*ACTION ITEM*. Nothing but the lines below between the line holding "Google Detroit" and the line holding "Vassallo Gray Area", inclusive, should appear in the answer, each set down exactly.

*EXERCISE DATA*.
#####

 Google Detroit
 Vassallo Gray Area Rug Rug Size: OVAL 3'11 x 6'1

#####

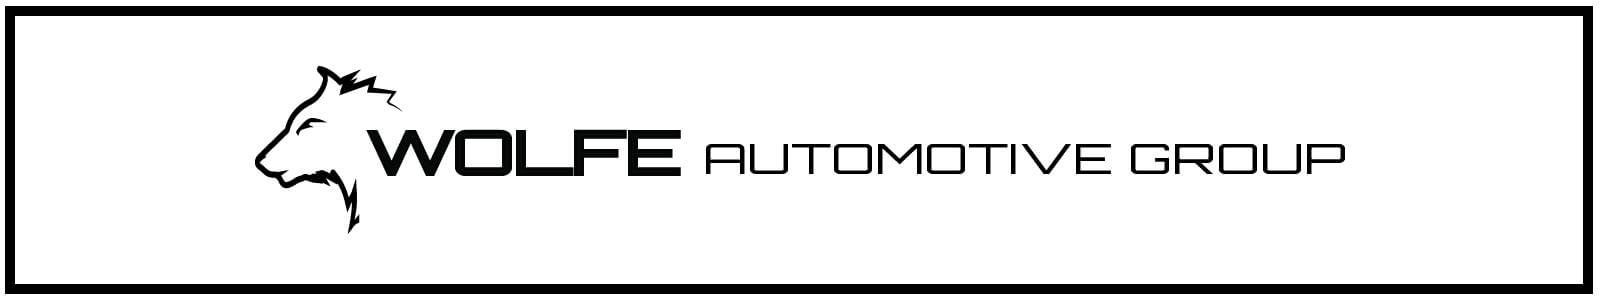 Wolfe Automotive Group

#####

*TASK ANSWER*.
 Google Detroit
 Vassallo Gray Area Rug Rug Size: OVAL 3'11 x 6'1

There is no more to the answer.